- Pir Samadin
- Coordinates: 33°42′31″N 47°47′59″E﻿ / ﻿33.70861°N 47.79972°E
- Country: Iran
- Province: Lorestan
- County: Chegeni
- District: Shahivand
- Rural District: Kashkan-e Shomali

Population (2016)
- • Total: 196
- Time zone: UTC+3:30 (IRST)

= Pir Samadin =

Village in Lorestan province, Iran

Pir Samadin (پير صمدين) (Note: Also romanized as Pīr Şamadīn; also known as Pīr Şadīn and Pīr Seyyed Āḥmed ( پير سيد احمد)) is a village in Kashkan-e Shomali Rural District (Note: Formerly Kashkan Rural District) of Shahivand District in Chegeni County, (Note: Formerly Dowreh County) Lorestan province, Iran.

==Demographics==
===Population===
At the time of the 2006 National Census, the village's population was 199 in 40 households, when it was in Kashkan Rural District (Note: Renamed Kashkan-e Shomali Rural District) of the former Dowreh-ye Chegeni District in Khorramabad County.

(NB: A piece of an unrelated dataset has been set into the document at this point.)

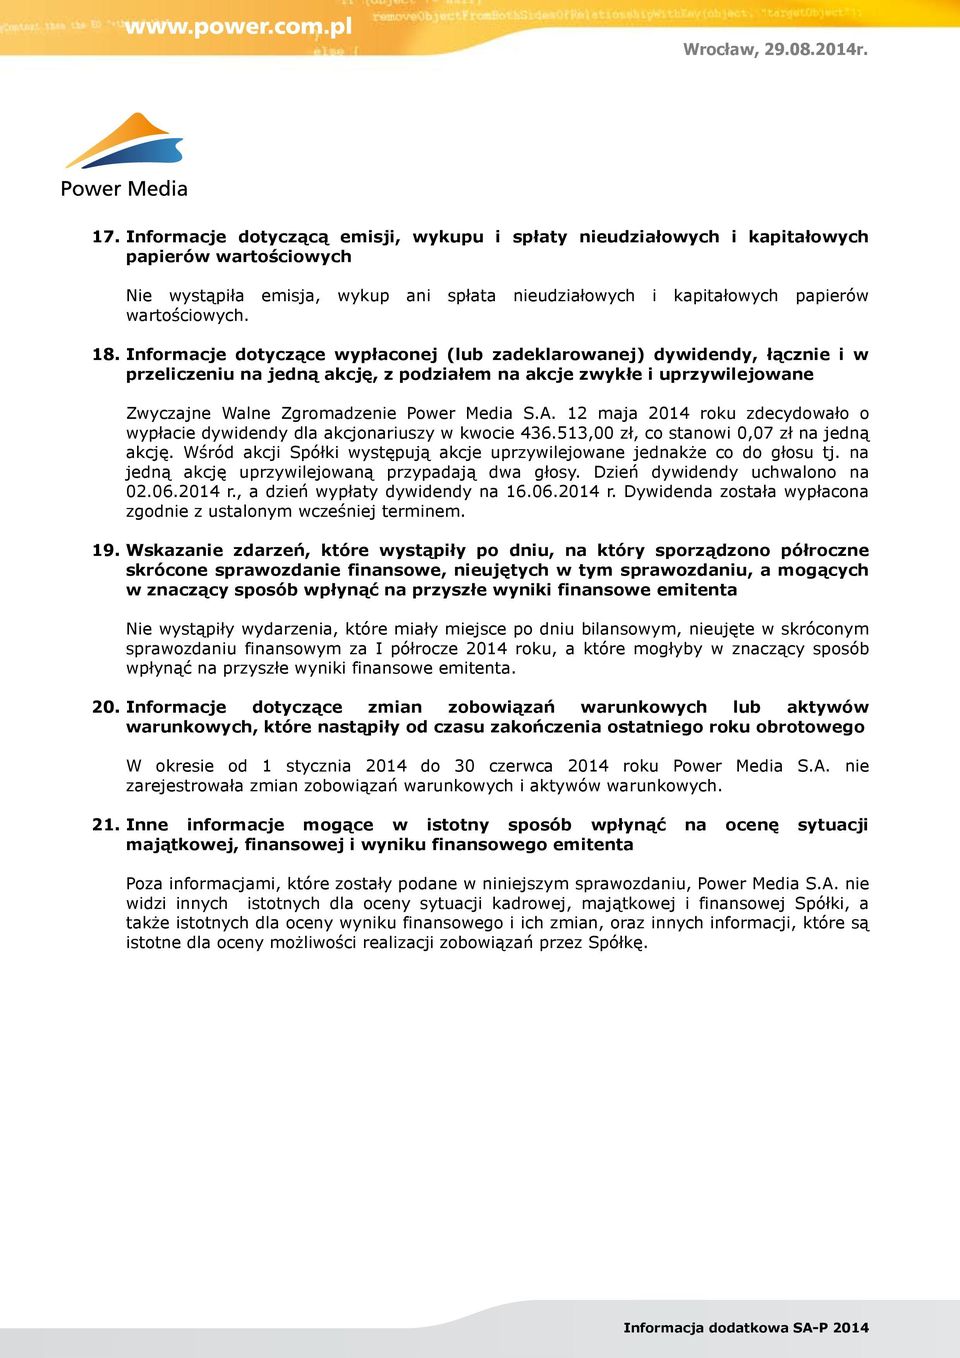 12 maja 2014 roku zdecydowało o wypłacie dywidendy dla akcjonariuszy w kwocie 436.513,00 zł, co stanowi 0,07 zł na jedną akcję.

The following census in 2011 counted 193 people in 41 households, by which time the district had been separated from the county in the establishment of Dowreh County. (Note: Renamed Chegeni County) The rural district was transferred to the new Shahivand District and renamed Kashkan-e Shomali Rural District. The 2016 census measured the population of the village as 196 people in 49 households.